3/ Choosing to direct a short documentary 
We meant to make a short documentary called PC Pavarotti, which fell apart because of the unreliable contributor, who perhaps at the start didn’t realise what he got himself into. We had to find another subject, and finally made Nicotine Tales. 1st time directing, I learnt the hard lesson about filmmaking—shit happens, and people can be unreliable. The experience was invaluable. 
4/ Developing an interest in documentaries 
Previously indifferent to documentaries, last semester I watched many great films such as Man on Wire, Searching for Sugar Man, The Imposter, Tickled, Deliver Us From Evil, Mea Maxima Culpa: Silence in the House of God, Touching the Void, etc., and discovered the power of documentaries.  
5/ Discovering Krzysztof Kieslowski and Louis Theroux 
Even though Kieslowski is in drama and Theroux is in documentary, these filmmakers have a few things in common—their openness, their non-judgmental approach to characters or subjects, and their humanity. 
(Interestingly, it was Kieslowski who led me back to Ingmar Bergman). 
6/ Taking a trip to Haworth and visiting the Bronte Parsonage Museum 
Haworth is lovely.
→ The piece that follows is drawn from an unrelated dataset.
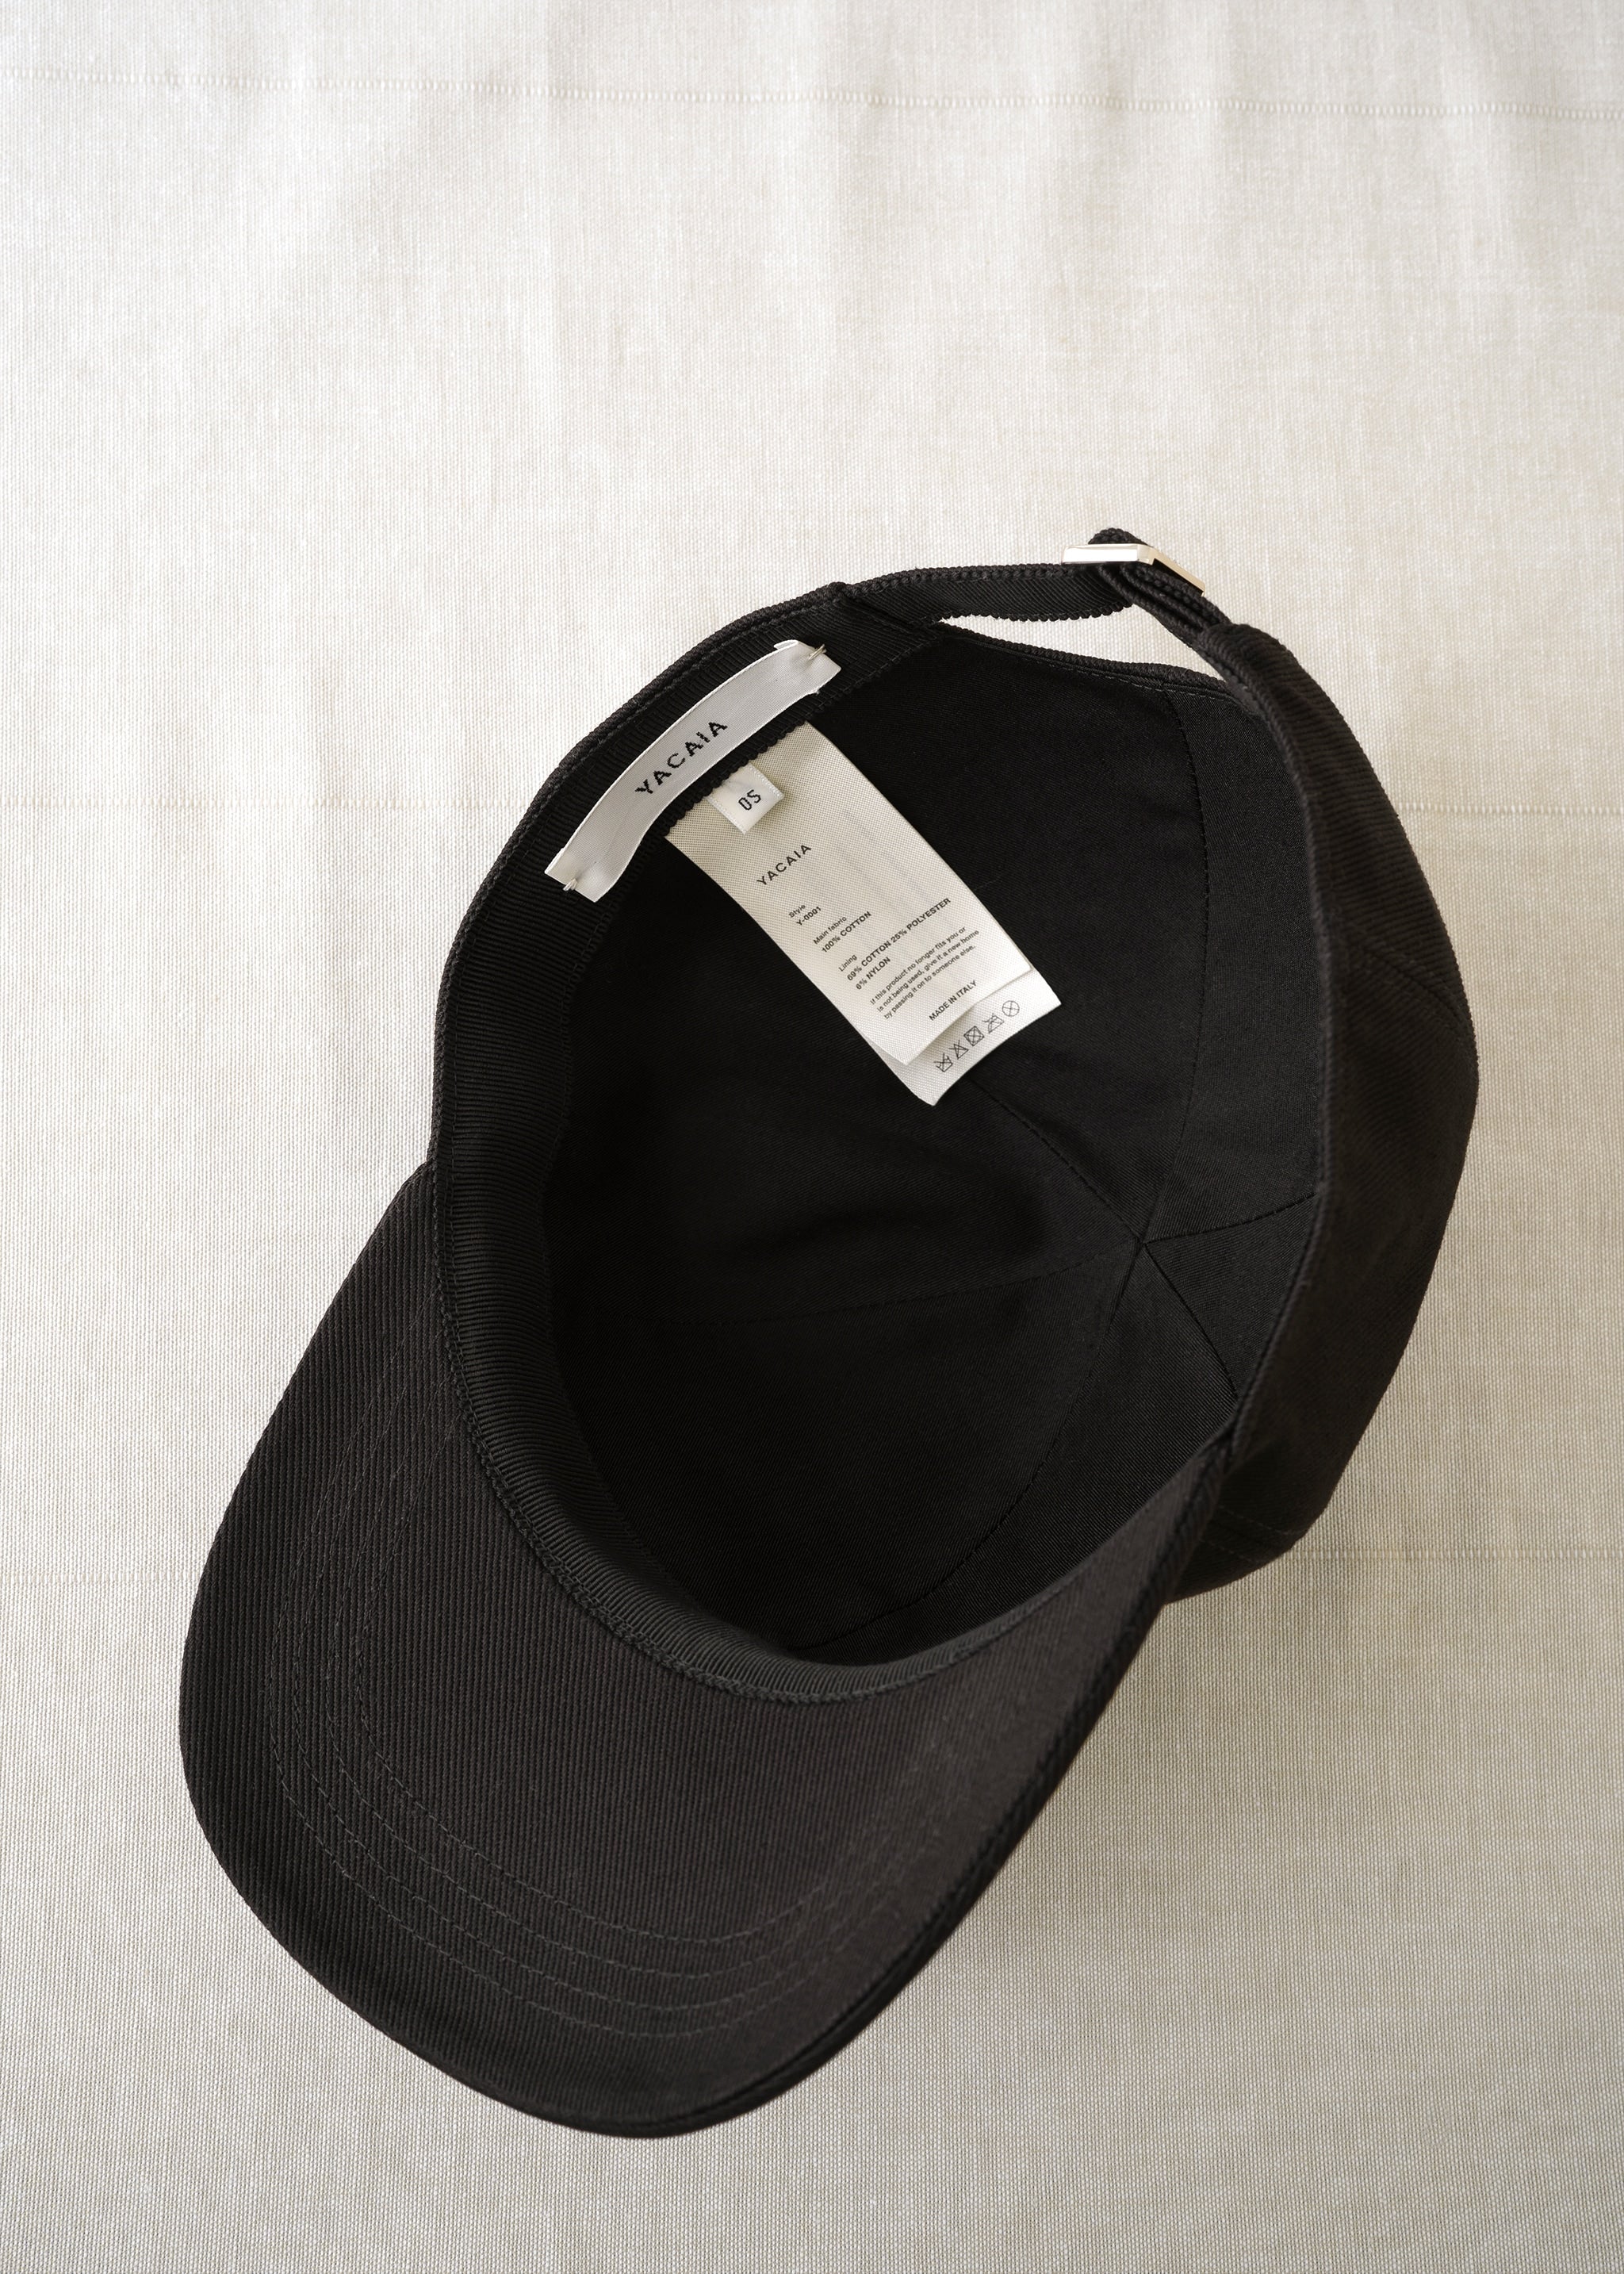 Yacaia Y-0001 Baseball Cap - Black (Cotton twill)

This was the 1st part of Adam’s birthday present for me, and the 1st time I saw Yorkshire countryside. 
7/ “Rediscovering” Ingmar Bergman and Luis Bunuel; discovering Kenji Mizoguchi; watching Citizen Kane 
I had seen a few films by Bergman and Bunuel before, but it was during this summer that I “rediscovered” them and found them the greatest of directors and auteurs. With their films, I started to like the idea of films as dreams, and to think of films as capable of dealing with the mind, with human consciousness (unlike the common belief that literature is internal and cinema is external). 
I also started watching the films of Mizoguchi, whom I came to prefer to Kurosawa and Ozu. Dispassionate but haunting; tragic but never sentimental.
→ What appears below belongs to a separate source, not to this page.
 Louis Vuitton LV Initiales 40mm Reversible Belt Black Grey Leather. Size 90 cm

2017 has been a very important year, because I found these masters and changed my view on cinema, and at the same time, because I directed my 1st film and started to watch films differently (Bergman’s my main influence). 
The single most significant film I watched this year was perhaps Citizen Kane. All kinds of techniques are in there, all the things you need to learn about cinema are in there. Mizoguchi for example is a master of mise-en-scène, but Orson Welles’s Citizen Kane has taught me more about deep focus, staging, and the z-axis, than anything has.  
8/ Travelling to Whitby and going whale-watching 
This was the 2nd part of Adam’s birthday present for me. Imagine how excited I was, as a fan of Moby Dick. 4 hours on a boat, we saw about a dozen whales, I even saw a seal that my bf missed. 
9/ Changing my philosophy about people
After some talks and fights, some disillusionments, and lots of thinking, I realised that curiosity killed the cat, that excessive empathy was harmful and we shouldn’t try to tolerate and wish to understand everything, that I was drawn to people with issues and that was bad for me as well as them, that my philosophy about people was flawed and simplistic. So I changed. 
10/ Having a successful pitch and directing my 1st short film Bird Bitten 
We had a few problems, which is the nature of filmmaking, but I was lucky for having a fantastic cast and crew. Directing is fun, and actually making a film makes me appreciate great films even more. 
I also worked on another film, UV, as 2nd AD. We had 5 different locations, and filmed through the night (till 4-5am), mostly outdoors, in winter (Bird Bitten was shot indoors, during the day). More than expected, I’ve learnt a lot from the experience of working on the 2nd film. 
Overall, (in spite of politics) 2017 has been a great year for me. What about you?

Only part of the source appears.